No matter where you seek help, though, the key is to find an expert with whom you, as well as the child, feel comfortable.
“The parent has to feel that they have enough of a connection with the behavioral expert that the expert is hearing their concerns,” Harstad says, “And that if the strategies that they’re recommending aren’t successful, the parent feels comfortable to relay that. Communication is really important because you’ll need to try out a few strategies to see what’s working and what’s not.”

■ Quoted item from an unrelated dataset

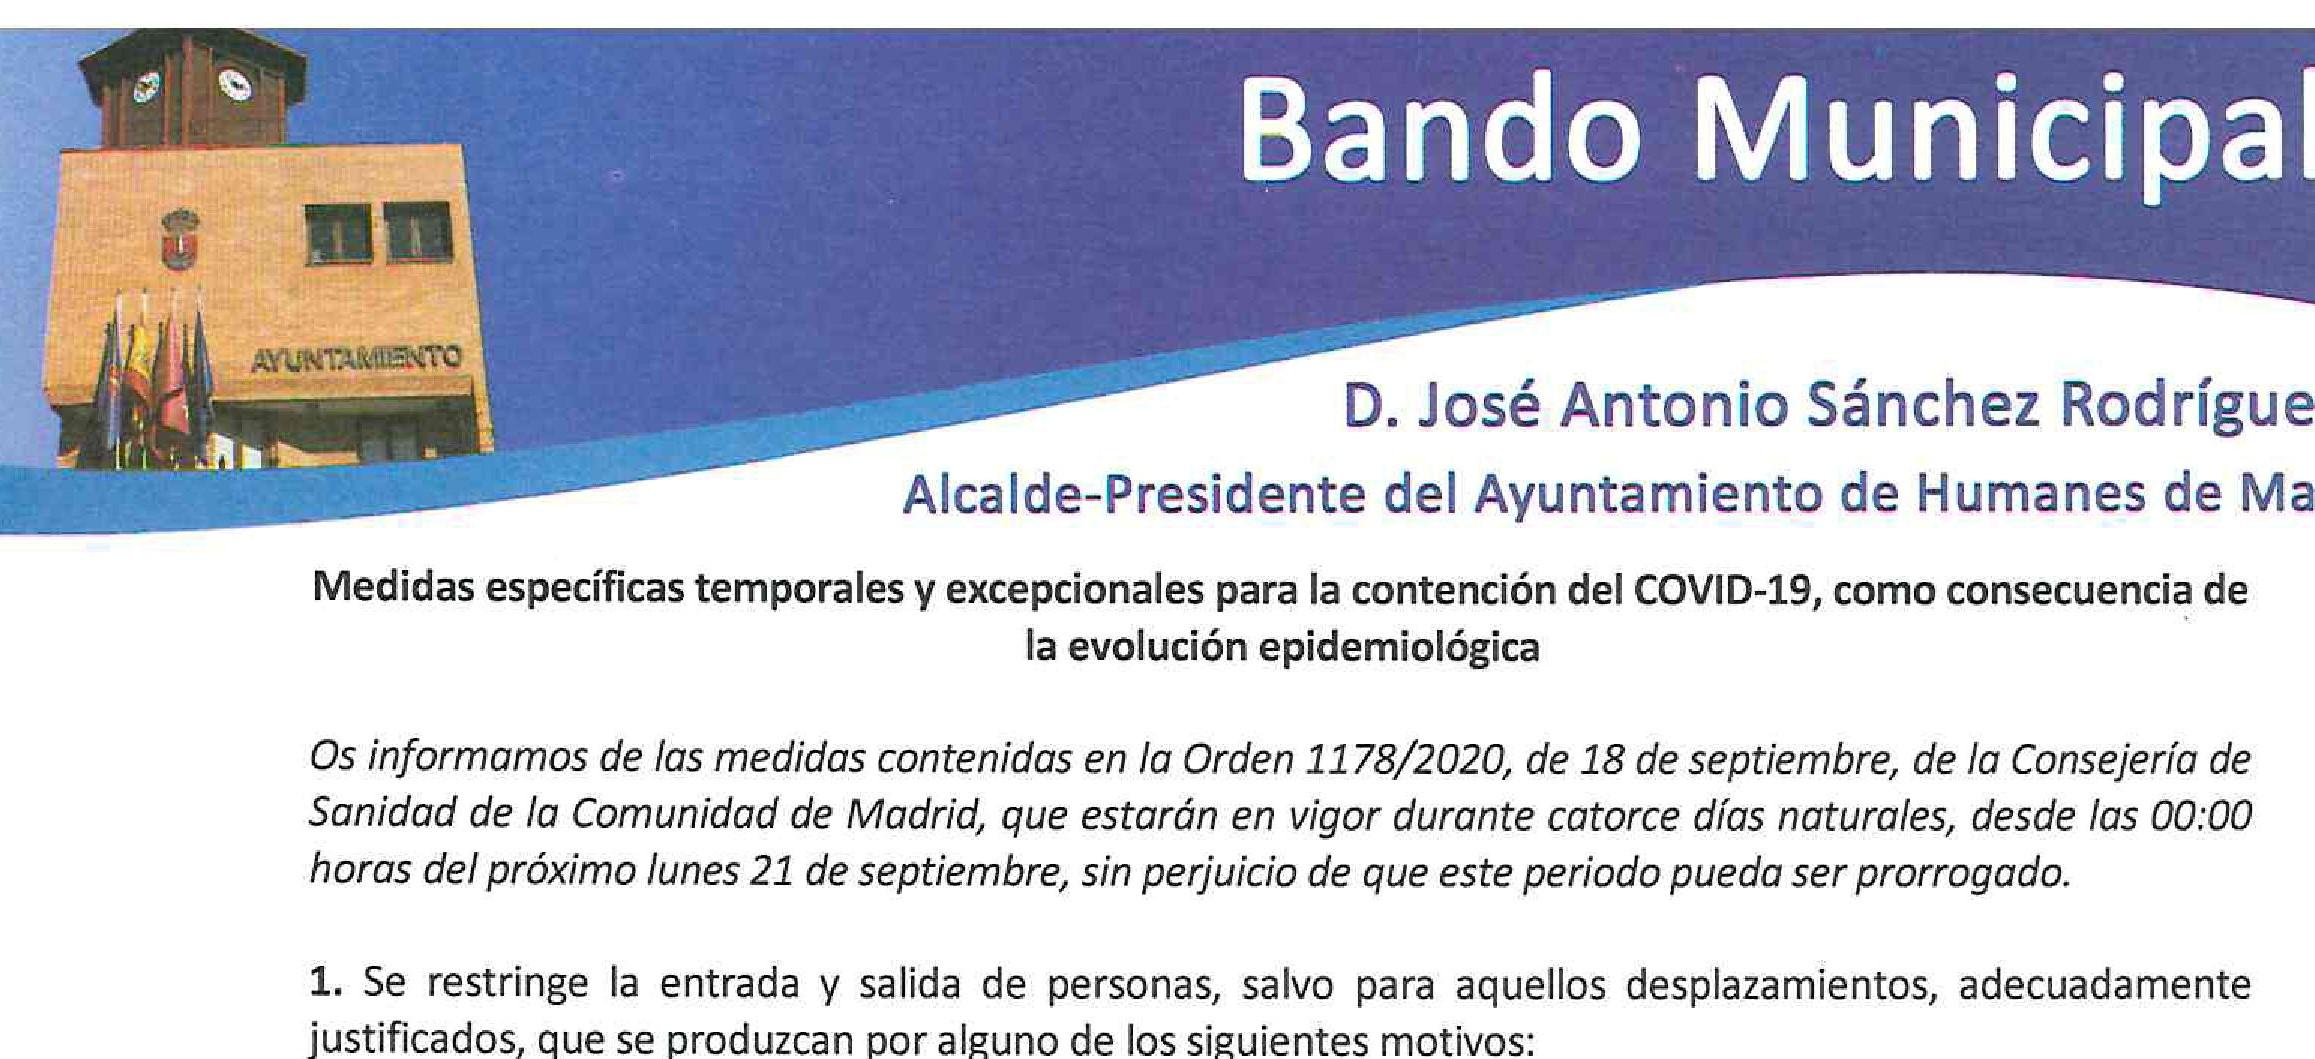 El alcalde de Humanes de Madrid dicta un bando con medidas para la contención del COVID-19 que entrarán en vigor el lunes 21 de septiembre a las 00.00 horas.

And the reason that’s so important is that modifying a child’s behavior falls on the shoulders of the parent, not the expert. An expert can provide strategies and offer guidance, but it’s the parents who are responsible for putting them into action and sticking with them on a daily basis.
“Behavioral supports are beneficial because they provide parent management strategies,” says Harstad. “So, if the child does this, I would respond in this way. And then supporting the parents to help change the child’s behavior. It’s unrealistic to think that a child could just work with a therapist briefly and that would translate to a behavioral change in the home setting. Parental involvement is essential.”
In fact, Harstad offers a final word of warning to parents who might be at the end of their rope and willing to try anything. “I would be concerned about any group that says we’ll take your kid and fix them and send them back to you fixed because,” he says. “That’s not usually a principle of behavioral therapy.”